Двенадцать лет я уже живу в Митюшино. Я никогда не рассказывала о своей бабушке, потому что она вычеркнула меня из своей жизни точно так же, как и когда-то отца. Стоило ли о ней говорить? Теперь ты знаешь причину, по которой она не слишком меня жалует. А вот Мари стала для нее роднее, и я не помню лета, чтоб кузина не уезжала в Полевку. Там, как я потом слышала, графиня занималась с девочкою её образованием, обучала искусствам и вывозила в Петербург.

Нередко я узнаю в кузине черты самой графини. Это проявляется в её жестокосердии, нетерпении к чувствам других людей и капризах. Тем не менее, Мари выросла наивной и беззлобной. По крайней мере, я не вижу в ней того червя, кой саму графиню сгрыз до последней крохи.
Пришло время рассказать, как приняли нас в Полевке после расставания с усадьбой Бессоновых.

Полевское - это большое имение, находящееся в тридцати верстах от Петербурга. Расстояние достаточное, чтобы жить в уединении, но оставаться в курсе всех дел, происходящих в столице. Это не Митюшино, куда новости доходят очень медленно. Но ты сама это знаешь, Лизет, поскольку жила здесь, пока – и это нас разлучило! – не уехала с семьей за границу. Кажется, так давно это было! Так вот.

Полевское имение обширное и богатое: несколько крестьянских деревень, просторные посевы, плодородные леса. Можно сказать, имение месье Бессонова вчетверо меньше Полевского.

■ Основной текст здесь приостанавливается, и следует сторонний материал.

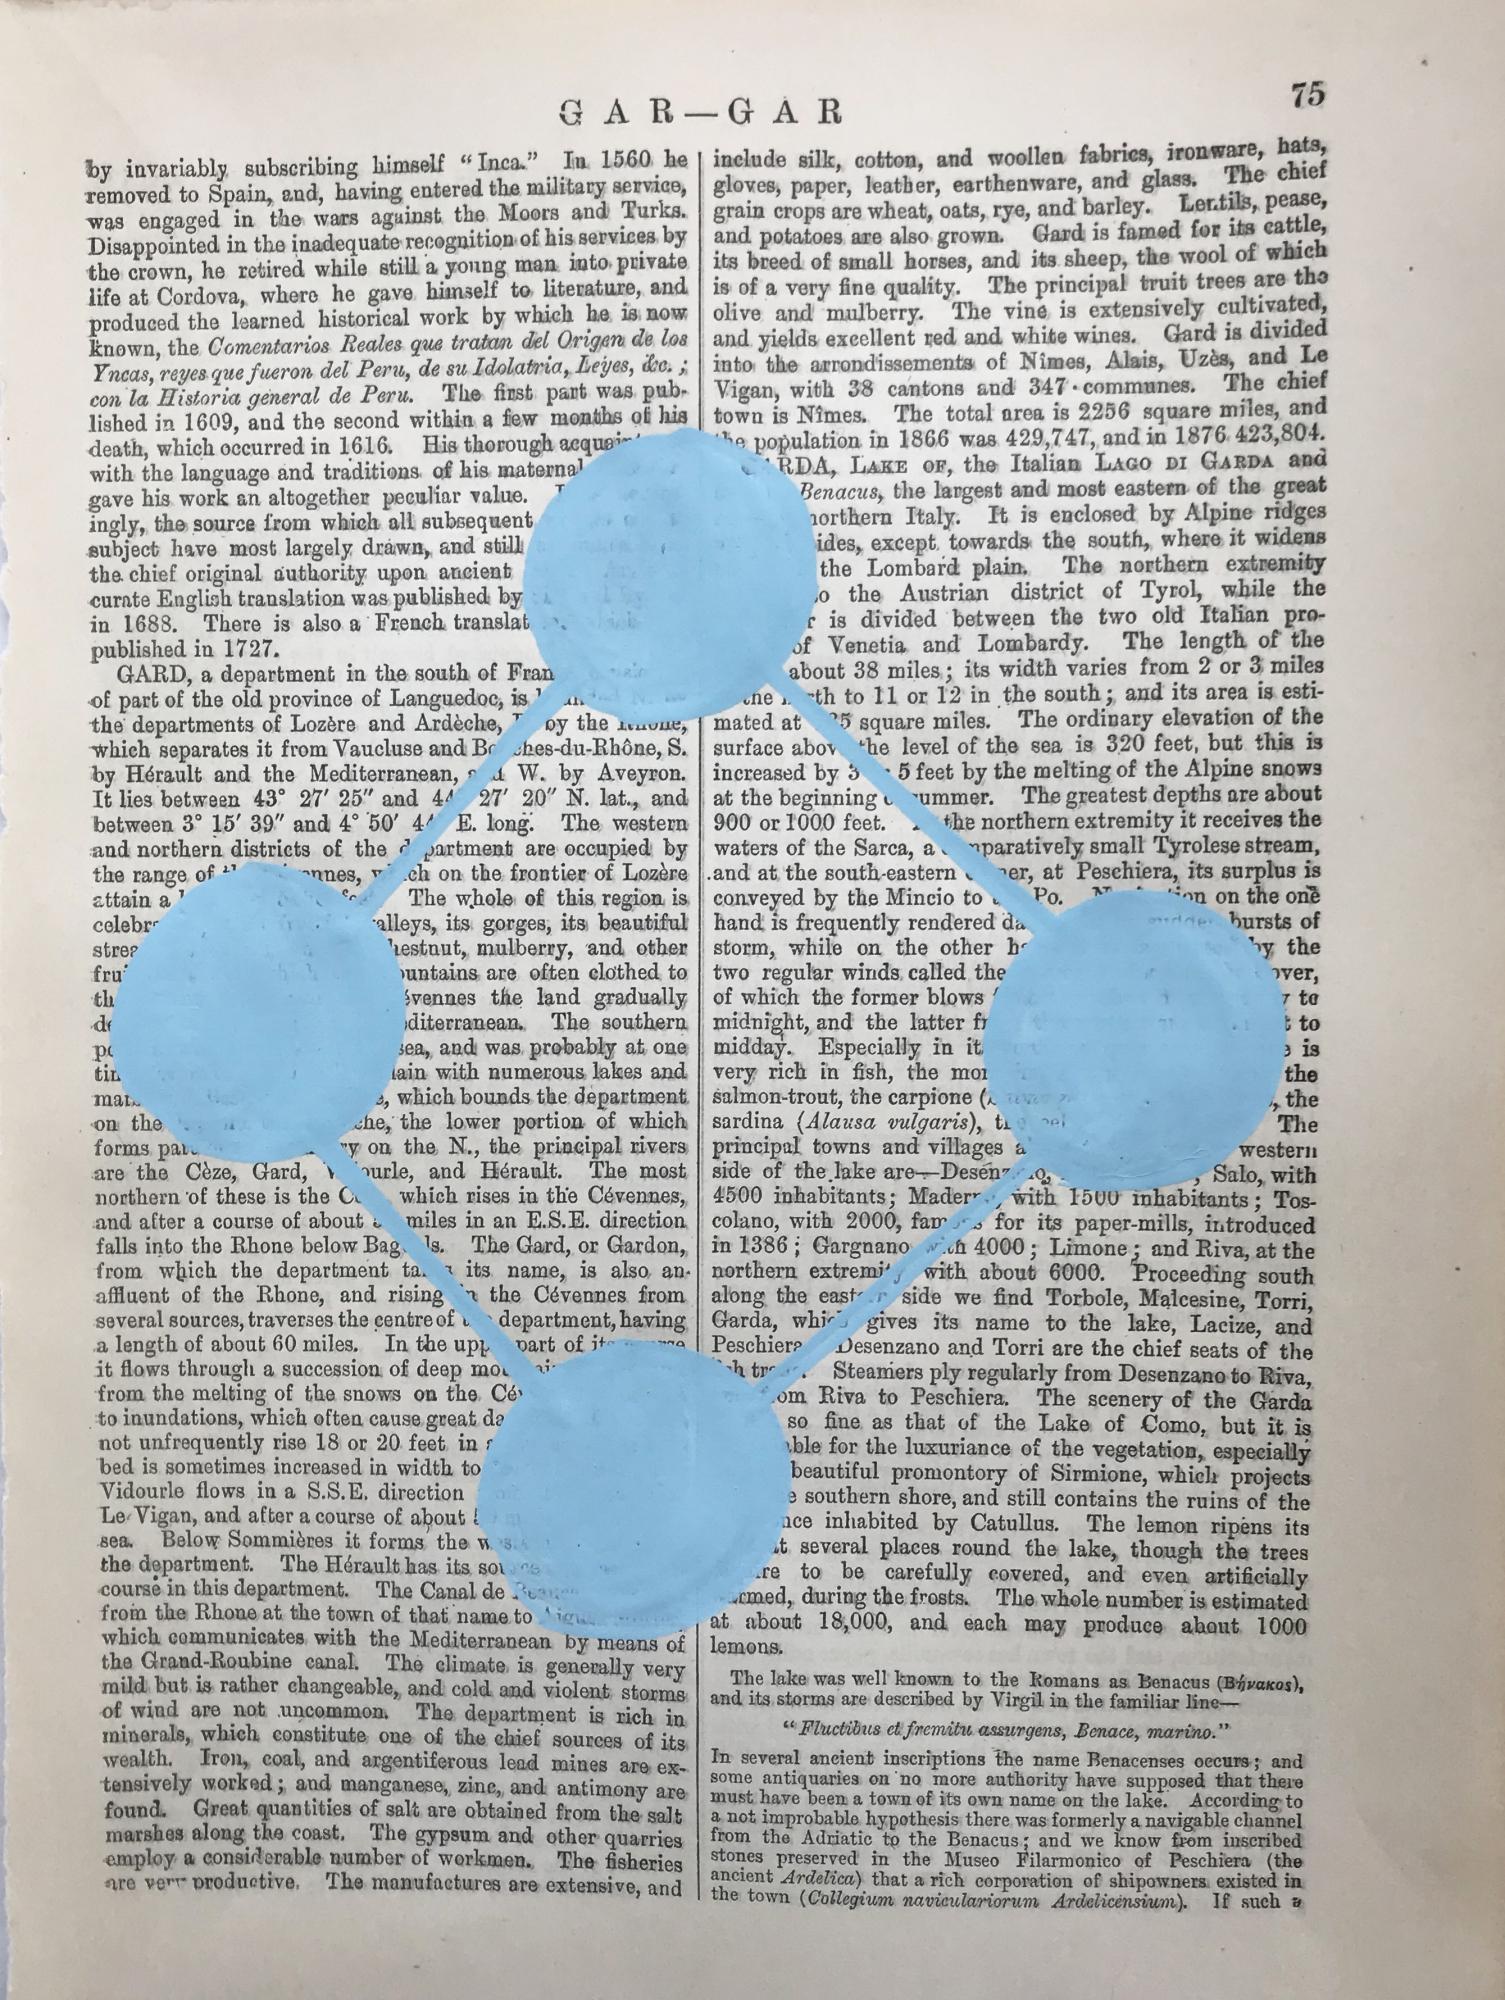 Gar Gar Blue 75 by Michela Sorrentino
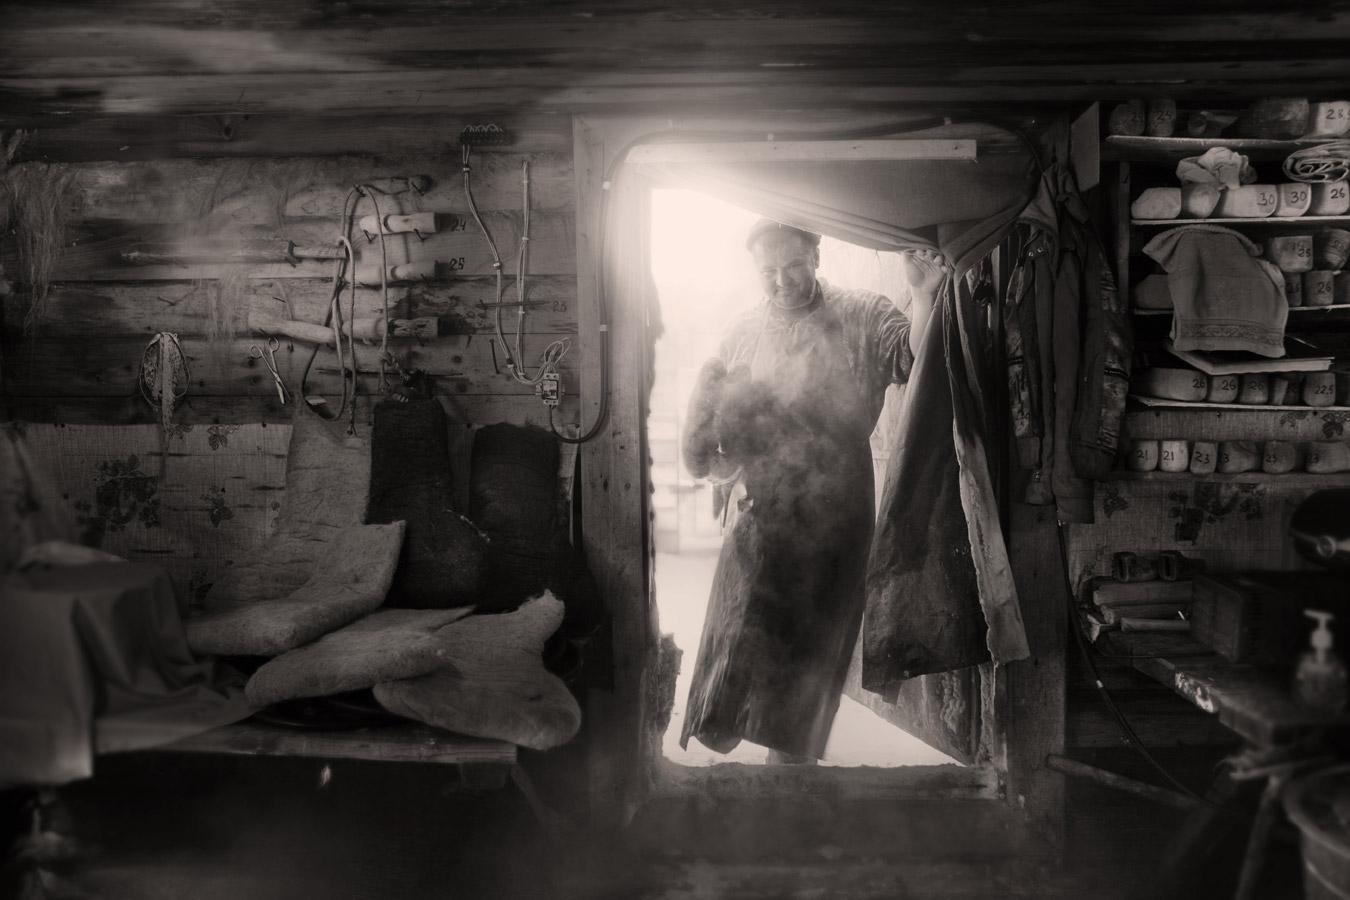 Пимокат Иван, Новосибирская область, © Олег Кугаев, 2 место, Фотоконкурс «Русская цивилизация»

И, разумеется, Митюшино меньше тоже.

Восторги моего дядюшки не переставали утихать, пока мы ехали, и были в корне противоположны тому, что он говорил о землях Бессоновых за два до этого: «Какой восхитительный лес! Совсем не страшный! Какая плодовитая земля, столько посевов!» и «А дорога? Дорога просто превосходная!». Мне самой так не казалось. Имение действительно огромно, красиво и богато, но мне куда больше по душе приходится наше Митюшино. Но, возможно, я чего-то не понимаю в лесах или дорогах?

Итак, мы ехали почти полдня только по Полевке, направляясь в усадьбу графини, и вскоре к восторженным воспеваниям дядюшки присоединилась и кузина, столь ошеломленная природой вокруг, будто и не видела её никогда! Хорошо, что этих восторгов не слышал месье Бессонов, так как он сопровождал нас верхом. Путешествие от его усадьбы заняло у нас два дня, а ночью мы останавливались на постоялом дворе, и меня весьма тревожило то, что Максим Савельевич не взял карету. Но, кажется, верховую езду он предпочитает больше.

Мы обогнули несколько деревень, прокатились по огромной аллее, тянущейся к господскому дому, и, наконец, очутились перед крыльцом.
Полевка, обладая столь обширными землями, обладала и усадьбой им под стать. Великолепное четырехэтажное сооружение, выполненное в стиле архитектуры прошлого века, возвышалось над нами, словно некое живое существо, претендующее на превосходство. Шесть белых колон тянулись ввысь, подпирая крышу и напоминая о том времени, когда наследие античных времен было идеалом совершенства. С пилонов ворот глядели на меня медные львы, оскалив пасти, словно застывшие сторожевые псы, только и ждущие команды своей хозяйки для атаки. Четкость, простота и благородство здания лишний раз указывали на особое положение его владелицы в обществе, навевая мысли о строгости, организованности и благополучии.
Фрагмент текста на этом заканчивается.